We are using MySQL 5.7, and have a Master and 3 Slave servers replication setup. All the 4 servers are dedicated for MySQL use only, and belong to the same data-center, connected over Private Network. So I believe that the network issues for replication should be minimal.

So, I did SHOW SLAVE STATUS\G on the Slave 1 server:

mysql> show slave status\G
*************************** 1. row ***************************
               Slave_IO_State: Waiting for master to send event
                  Master_Host: <removed for anonymity>
                  Master_User: repl
                  Master_Port: 3306
                Connect_Retry: 60
              Master_Log_File: mysql-bin.004803
          Read_Master_Log_Pos: 885020002
               Relay_Log_File: ubuntu-s-4vcpu-8gb-blr1-slave02-relay-bin.001056
                Relay_Log_Pos: 885020215
        Relay_Master_Log_File: mysql-bin.004803
             Slave_IO_Running: Yes
            Slave_SQL_Running: Yes
              Replicate_Do_DB: 
          Replicate_Ignore_DB: 
           Replicate_Do_Table: 
       Replicate_Ignore_Table: 
      Replicate_Wild_Do_Table: 
  Replicate_Wild_Ignore_Table: 
                   Last_Errno: 0
                   Last_Error: 
                 Skip_Counter: 0
          Exec_Master_Log_Pos: 885020002
              Relay_Log_Space: 885020495
              Until_Condition: None
               Until_Log_File: 
                Until_Log_Pos: 0
           Master_SSL_Allowed: No
           Master_SSL_CA_File: 
           Master_SSL_CA_Path: 
              Master_SSL_Cert: 
            Master_SSL_Cipher: 
               Master_SSL_Key: 
        Seconds_Behind_Master: 0
Master_SSL_Verify_Server_Cert: No
                Last_IO_Errno: 0
                Last_IO_Error: 
               Last_SQL_Errno: 0
               Last_SQL_Error: 
  Replicate_Ignore_Server_Ids: 
             Master_Server_Id: 103
                  Master_UUID: 78e93502-d3af-11e7-9af0-5aaa686987ef
             Master_Info_File: /var/lib/mysql/master.info
                    SQL_Delay: 0
          SQL_Remaining_Delay: NULL
      Slave_SQL_Running_State: Slave has read all relay log; waiting for more updates
           Master_Retry_Count: 86400
                  Master_Bind: 
      Last_IO_Error_Timestamp: 
     Last_SQL_Error_Timestamp: 
               Master_SSL_Crl: 
           Master_SSL_Crlpath: 
           Retrieved_Gtid_Set: 
            Executed_Gtid_Set: 
                Auto_Position: 0
         Replicate_Rewrite_DB: 
                 Channel_Name: 
           Master_TLS_Version: 
1 row in set (0.00 sec)

It clearly states that everything is fine.
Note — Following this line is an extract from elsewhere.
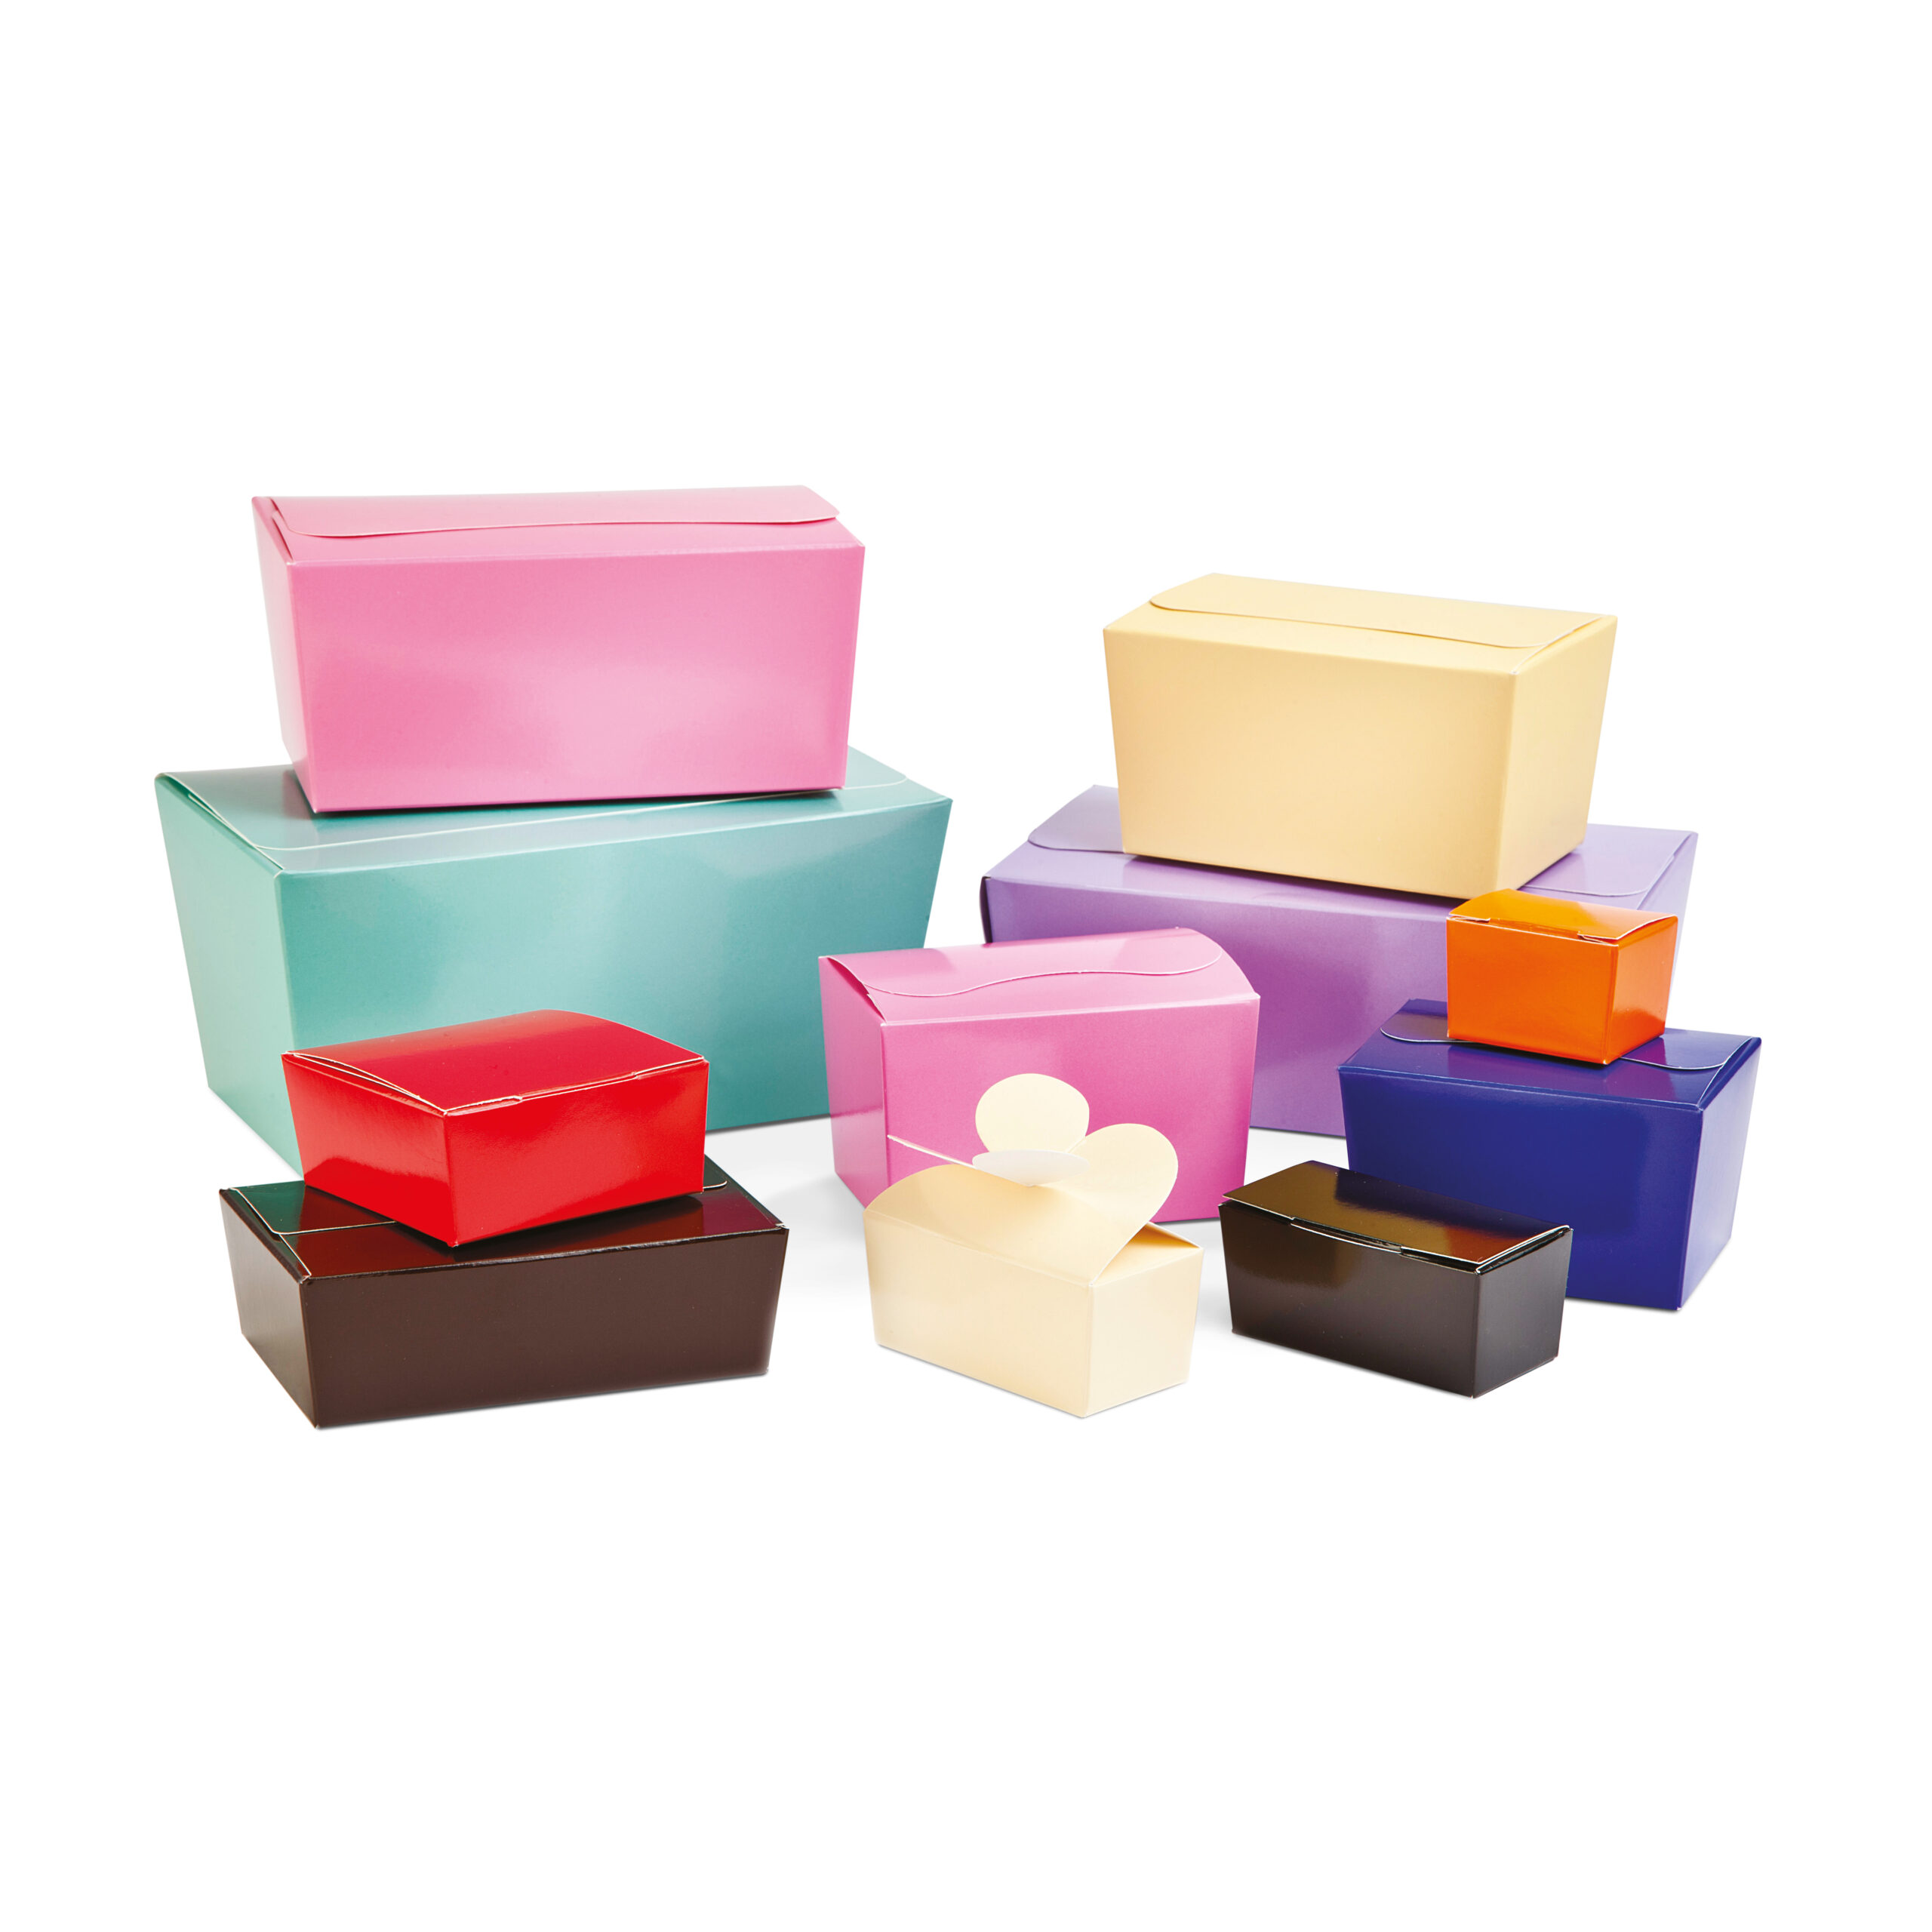 A variety of bright and generic ballotin boxes. Perfect for filling with artisan chocolates or gourmet truffles. Colours include pink, aqua, blue, orange, cream, brown, white, red, purple & white

We also have quite a bit of monitoring tools like Zabbix, Packetbeat (Kibana) setup; which also gives us alerts if there is lag in the replication in any of the three Slave servers. We did not get any alerts about possible replication issues as well.

Now, I ran a query on Slave 1 server:

mysql> select order_id, order_status_id, buyer_invoice_id 
       from oc_suborder where order_id = 62284;
+----------+-----------------+------------------+
| order_id | order_status_id | buyer_invoice_id |
+----------+-----------------+------------------+
|    62284 |               1 |             NULL |
|    62284 |              15 |            76729 |
+----------+-----------------+------------------+
2 rows in set (0.01 sec)

It returns two rows in this case, which is wrong.

I ran the same query on the Master Server:

mysql> select order_id, order_status_id, buyer_invoice_id 
       from oc_suborder where order_id = 62284;
+----------+-----------------+------------------+
| order_id | order_status_id | buyer_invoice_id |
+----------+-----------------+------------------+
|    62284 |              15 |            76729 |
+----------+-----------------+------------------+
1 row in set (0.18 sec)

It returns one row only, which is correct; so the Slave is definitely having inconsistent data despite showing Slave Status as OK.

I also performed some DML operations on Master, and those changes did get replicated on the Slave server; so the replication is running. We are using third party DBA services, and every-time this happens; all they would suggest is to rebuild the Slave server(s). We are already sitting at 100 GB+ data, and it takes quite a few hours for this process (they have already done it 4 times in last few months); but the data inconsistency keeps on popping up time and again.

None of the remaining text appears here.